In addition, population surveys show a high prevalence of comorbid drug abuse and other mental illnesses,5 such as mood and anxiety disorders (especially in women), antisocial personality disorder (particularly in men), and schizophrenia (highly comorbid with nicotine dependence). Compelling evidence shows that the disease of addiction arises through the complex interaction of genetic, behavioral, and environmental factors and that it is most effectively prevented and treated through research-based approaches.6
Investment in addiction research and treatment is opening up avenues that are profitable not only to persons who are addicted but also to their families, communities, and society at large. It is a good investment: estimates show that every dollar spent on addiction treatment programs yields a $4 to $7 reduction in the cost of drug-related crimes. With some outpatient programs, total savings can exceed costs by a ratio of 12:1.7What do we know?
Over the past several decades, we have witnessed changing trends in the abuse of heroin, cocaine, methamphetamine and its derivative ecstasy (3,4-methylenedioxymethamphetamine), and other drugs of abuse. Influencing factors include the existence of purer and more potent formulations, which the illegal drug industry strives for and achieved with crack cocaine and heroin. Prepotent methamphetamine continues to afflict communities across the country, showing marked increases in abuse consequences and in treatment admissions over the past decade-from about 48,000 admissions a year in 1995 to more than 150,000 a year in 2005.8
Although cocaine use is viewed as having stabilized somewhat, there are still about 2.4 million current cocaine users aged 12 years and older in this country.1 While marijuana use continues to decline among teenagers, it remains the most commonly used illicit drug.1 Outside the illicit drug arena, prescription drug abuse continues to gather momentum; about 7 million US persons report current (in the past month) nonmedical use of prescription drugs, mostly pain relievers-more than the number of persons abusing cocaine, heroin, hallucinogens, and inhalants combined.1
In the more than 30 years since the National Institute on Drug Abuse (NIDA) was established, major strides have been made in understanding addiction as a complex disease of the brain.6 Advances in molecular biology, genetics, and neuroimaging technologies have elucidated the complexity of the opioid, dopaminergic, and other systems, greatly improving our understanding of how the brain responds to and is altered by the acute and long-term use of illicit drugs. Imaging studies have shown that addicted persons have blood flow abnormalities in brain areas involved in impulse control, decision making, motivation, and reward mechanisms. These areas include the orbitofrontal cortex, amygdala, and ventral striatum.9
Hypotheses around these systems have helped explain some neurobiological underpinnings of addiction. Brain imaging studies by Volkow's group10 and others suggest that many types of addiction (including compulsive eating) share common neurobiological substrates and mechanisms. These findings center on the dopamine reward system and on dopamine D2 receptor (DRD2) density. Simply stated, the findings suggest an intrinsic diminished ability of some people to experience pleasure, which leads them to seek pleasurable experiences more reliably through the use of illicit substances that artificially reward them by powerfully stimulating the dopamine system.
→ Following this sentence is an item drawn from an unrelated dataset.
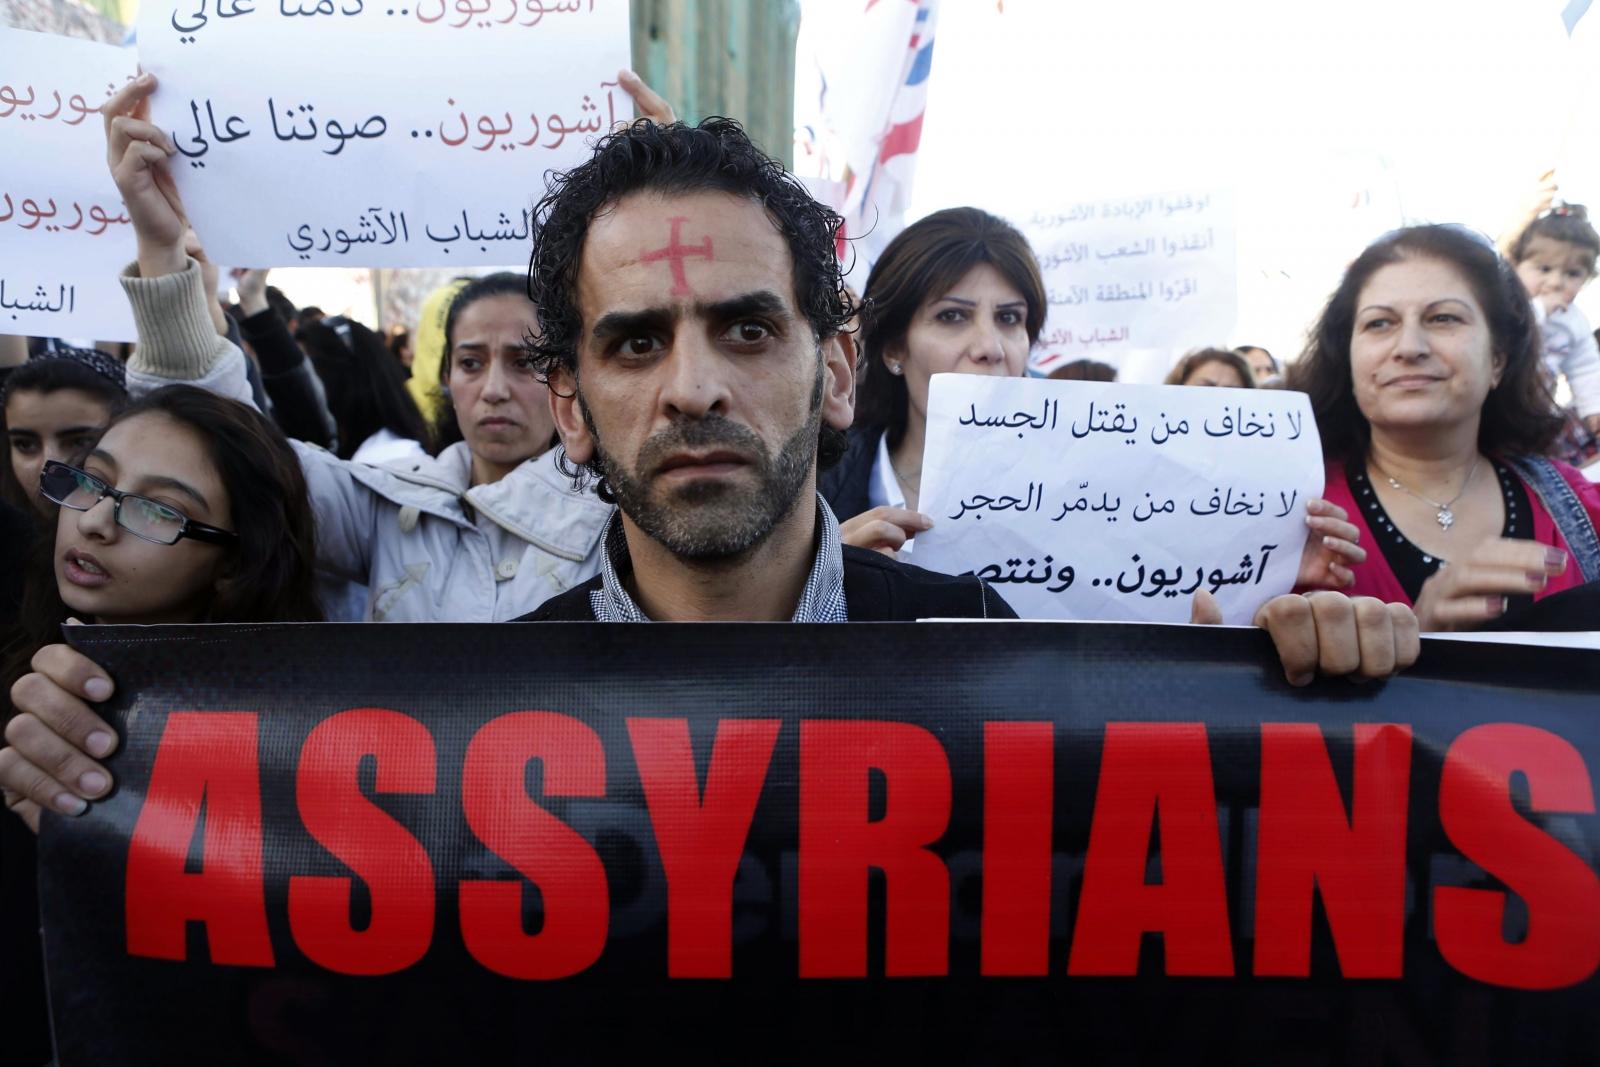 isis-assyrian.jpg

Unfortunately, addictive drugs can be so reinforcing that no natural stimuli can compete with them. Common reinforcers-food, family, friends-lose their relative value as a person's reward circuitry becomes increasingly blunted and desensitized. Ironically and cruelly, even the drug eventually loses its ability to reward; continued use causes receptor down-regulation and neuronal depletion. Still, the compromised brain leads addicted persons to pursue the use of addictive drugs because by that point the memory of the drug has become more powerful than the drug itself. This compulsive craving, seeking, and use of drugs, even in the face of dire life consequences, is the essence of addiction -what addicts may describe as "chasing the high."
Attempts at quitting give way to withdrawal symptoms so severe, as in the case of opioids (eg, heroin) and nicotine, that they can lead patients to relapse. As with other chronic diseases, such as high blood pressure or diabetes mellitus, sustained positive health outcomes (in this case, abstinence) may require repeated treatment episodes to counter relapse triggers. In persons who are addicted, common daily life stressors and cues in their environment, such as the people, places, and things associated with their former drug abuse, can trigger a relapse.
New findings from animal models of addiction reveal a major role of the corticotropin-releasing factor (CRF) system in stress-induced relapse. This system belongs to a complex neural circuitry that regulates behavioral and autonomic responsiveness to stressful stimuli. Recent findings also suggest that manipulation of dopamine D3 receptors can block cue-induced relapses.11Where has it led us?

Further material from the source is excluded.